Auf einer der Ausweichschienen brachten Männer aus unserem Waggon Bretter herbei und fertigten daraus Pritschen. Tscharlik und ich kamen fast nie davon heruntergeklettert, so dass wir den Erwachsenen mit unserem Herumtoben nicht zur Last fielen. Im Waggon waren auch noch andere Kinder, aber es kam, ausgerechnet meinetwegen, zu einer unangenehmen Geschichte.
 
Unmittelbar vor unserer Abreise hatte der Nachbarsjunge mir zwei vollständig geladene Jagdpatronen geschenkt.

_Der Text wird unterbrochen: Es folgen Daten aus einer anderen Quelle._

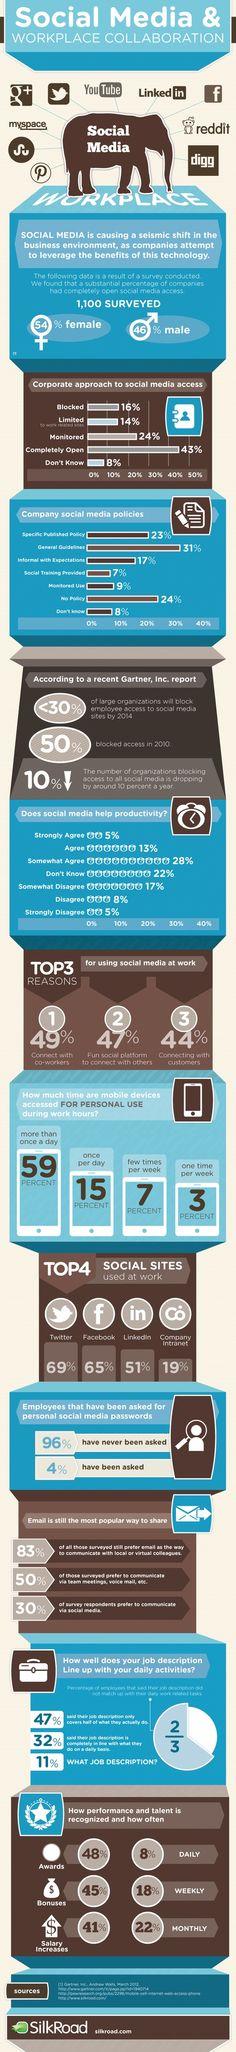 Social Media & Workspace Collaboration
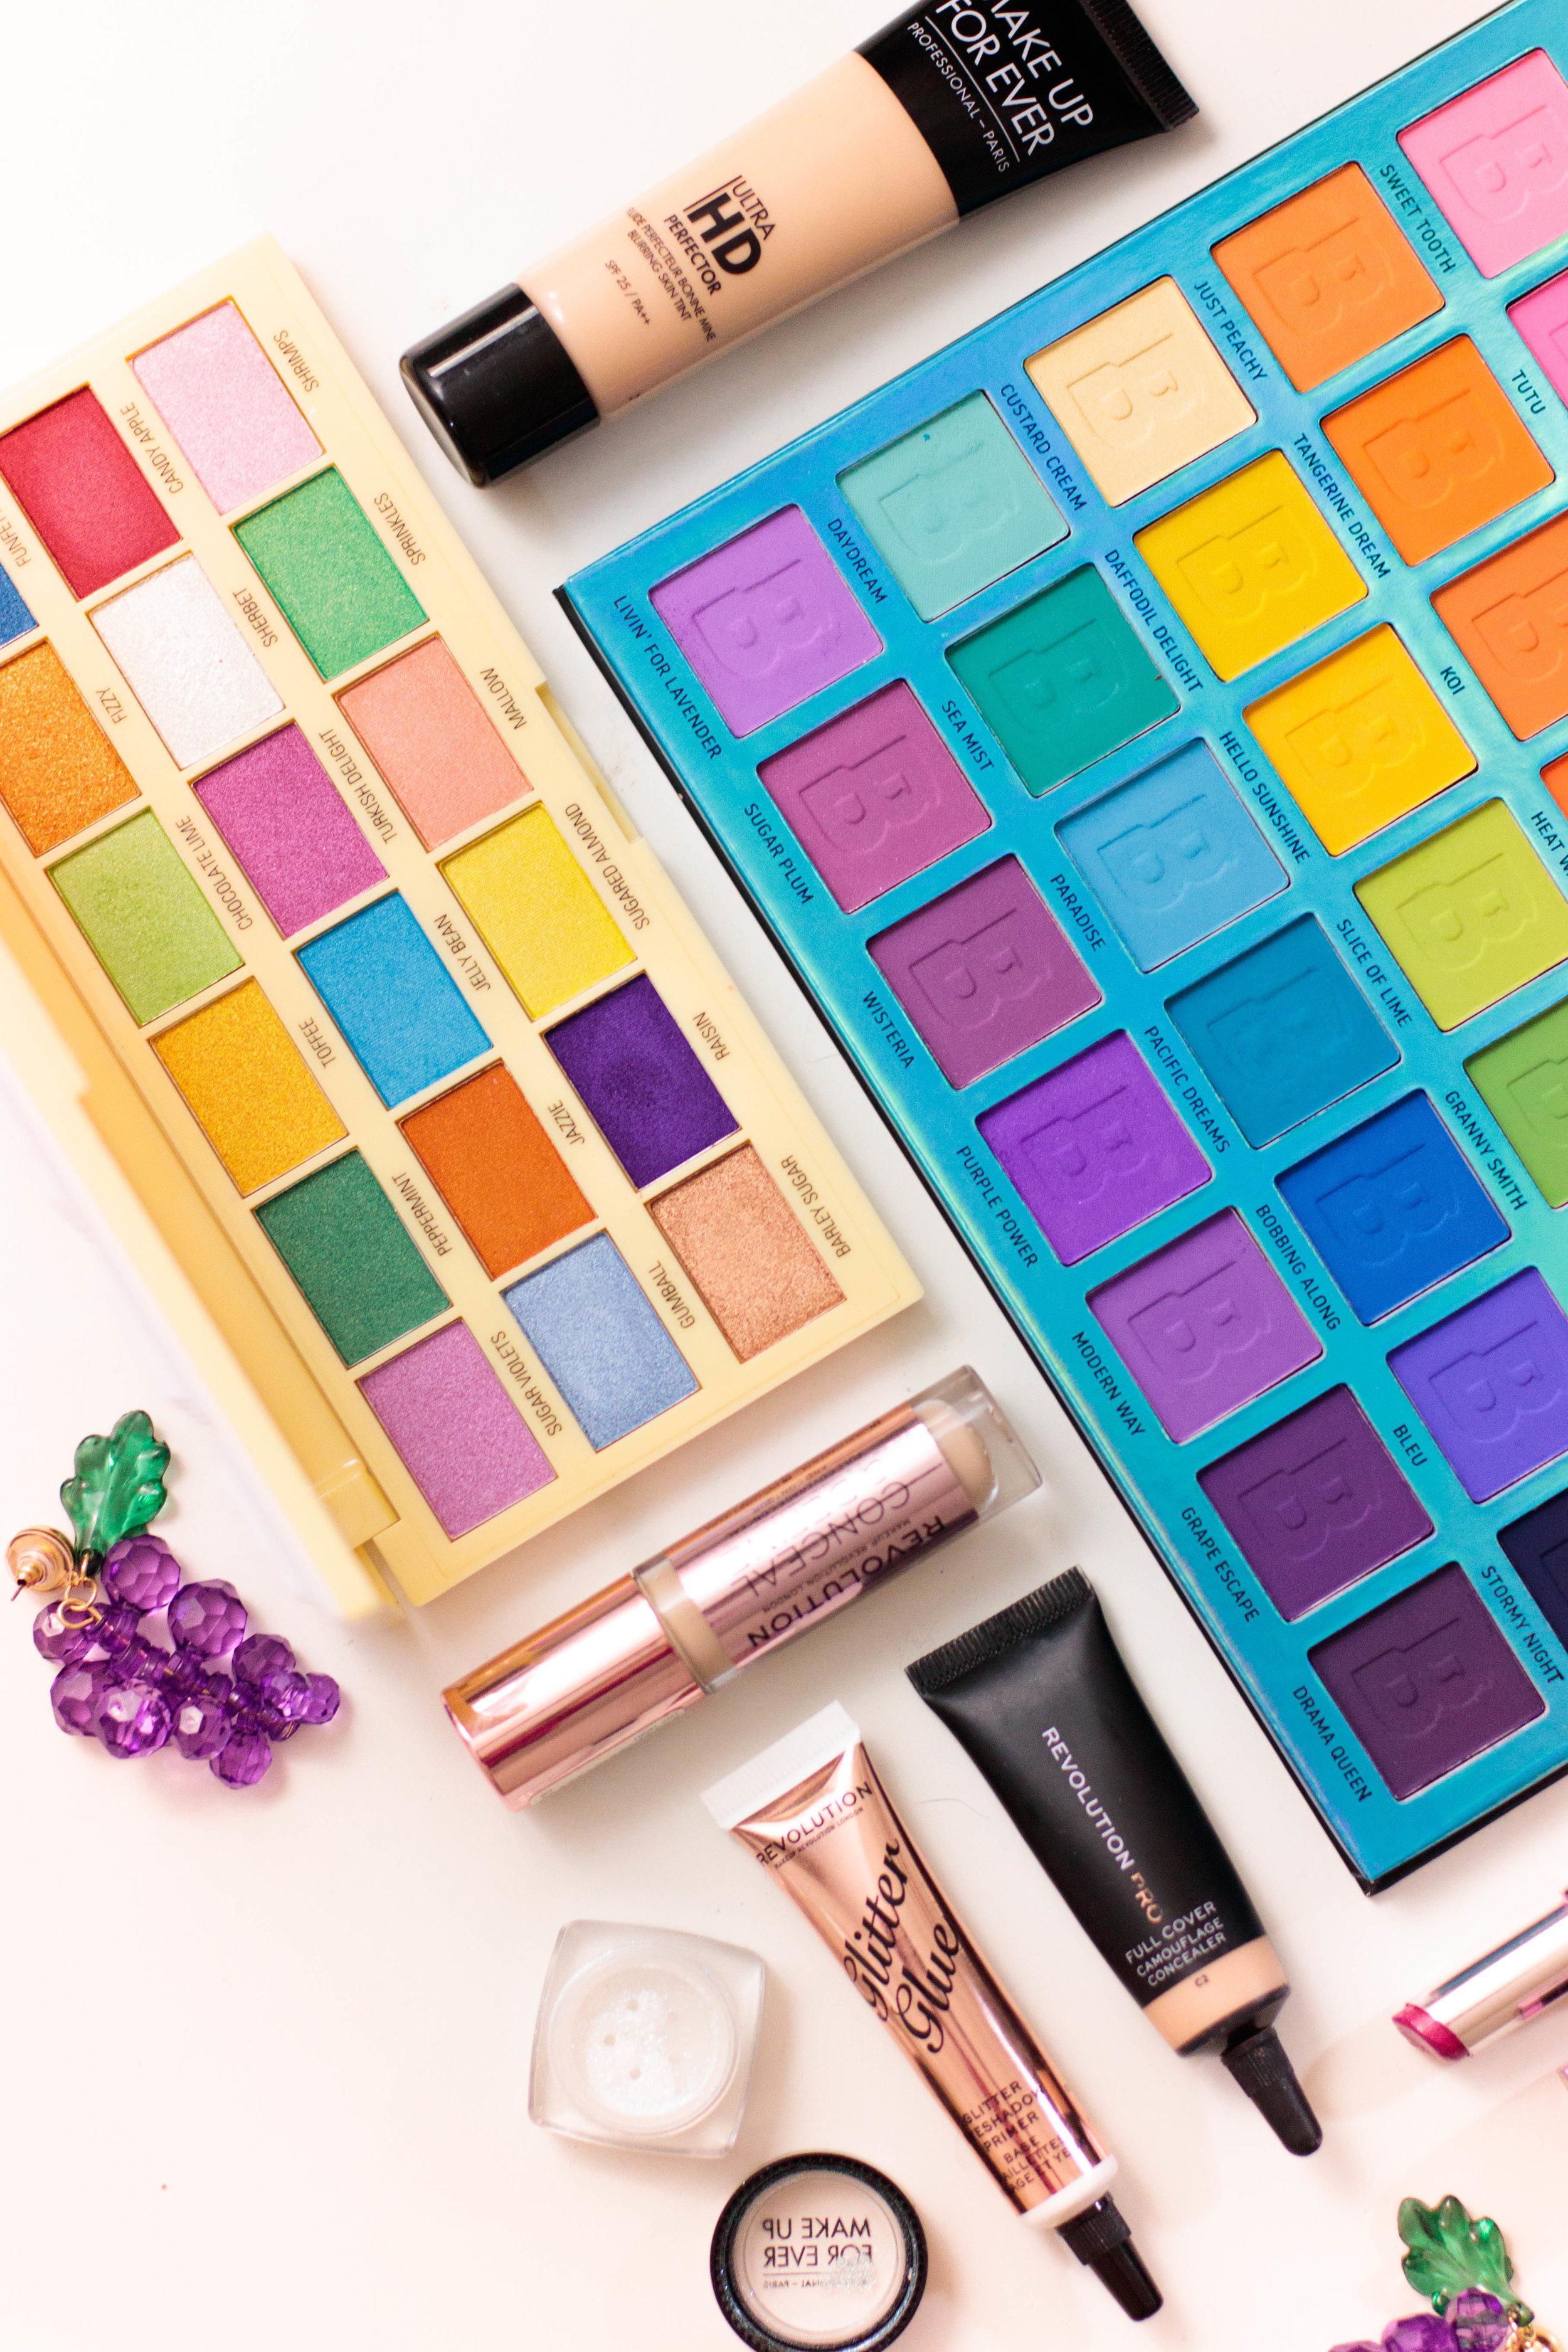 pauuulette-beauty-bay-makeup-revolution-mufe-dior-2.jpg

Je eine davon steckte ich in die beiden Brusttaschen meines Hemdes, verschloss sie mit den Knöpfen und lief so die ganze Zeit mit den Patronen herum.
 
Papa entdeckte sie erst am zweiten Tag unserer Fahrt, als er mir an einem der kleinen Bahnhöfe beim Aussteigen half.
 
- Was hast du denn da?! – fragte er.
 
Ohne etwas zu sagen nahm ich die beiden Patronen heraus, und er entfernte sich mit ihnen in aller Eile ein paar Meter. In dem Bemühen nicht entdeckt zu werden, vergrub er die Patronen in der Erde. Heute kann ich mir vorstellen, was für eine schreckliche Angst er gehabt haben muss – die Patronen waren nämlich verkapselt und hätten durch einen einzigen Schlag in meiner Jackentasche explodieren können. Zudem herrschte Krieg, und wenn man sie entdeckt hätte, wäre es nicht auszudenken gewesen, wie es dann mit uns geendet hätte.
 
Als wir durch Sibirien fuhren, wurde die Fahrt langweiliger – der Zug war Tag und Nacht in Bewegung, wenn er hielt, dann immer nur für kurze Zeit.
 
Gegen Ende der zweiten Woche begann der Zug kürzer zu werden – auf einigen Ausweichschienen und kleineren Bahnstationen wurden jeweils ein oder zwei Waggons abgekuppelt. Die Menschen aus den Waggons wurden anschließend in die nahen und etwas weiter entfernt gelegenen Dörfer fortgebracht.
 
Am Morgen bemerkten wir, dass unser Waggon auf dem Abstellgleis irgendeines Bahnhofs stand und der Zug bereits weitergefahren war. Später erfuhren wir, dass wir uns in der Region Krasnojarsk befanden, und unser Waggon an der Eisenbahnstation Bogotol stand.
 
Die Menschen strömten aus dem Waggon, blickten sich besorgt um; alle hatten große Furcht vor der Ungewissheit. Selbst die Kinder verhielten sich ganz still.
 
Da erinnerte ich mich an mein Schönschreibheft, in das ich nun nichts mehr hineinschreiben brauchte.
 
- Hier wird schon kein Mensch mehr danach fragen, - dachte ich erleichtert.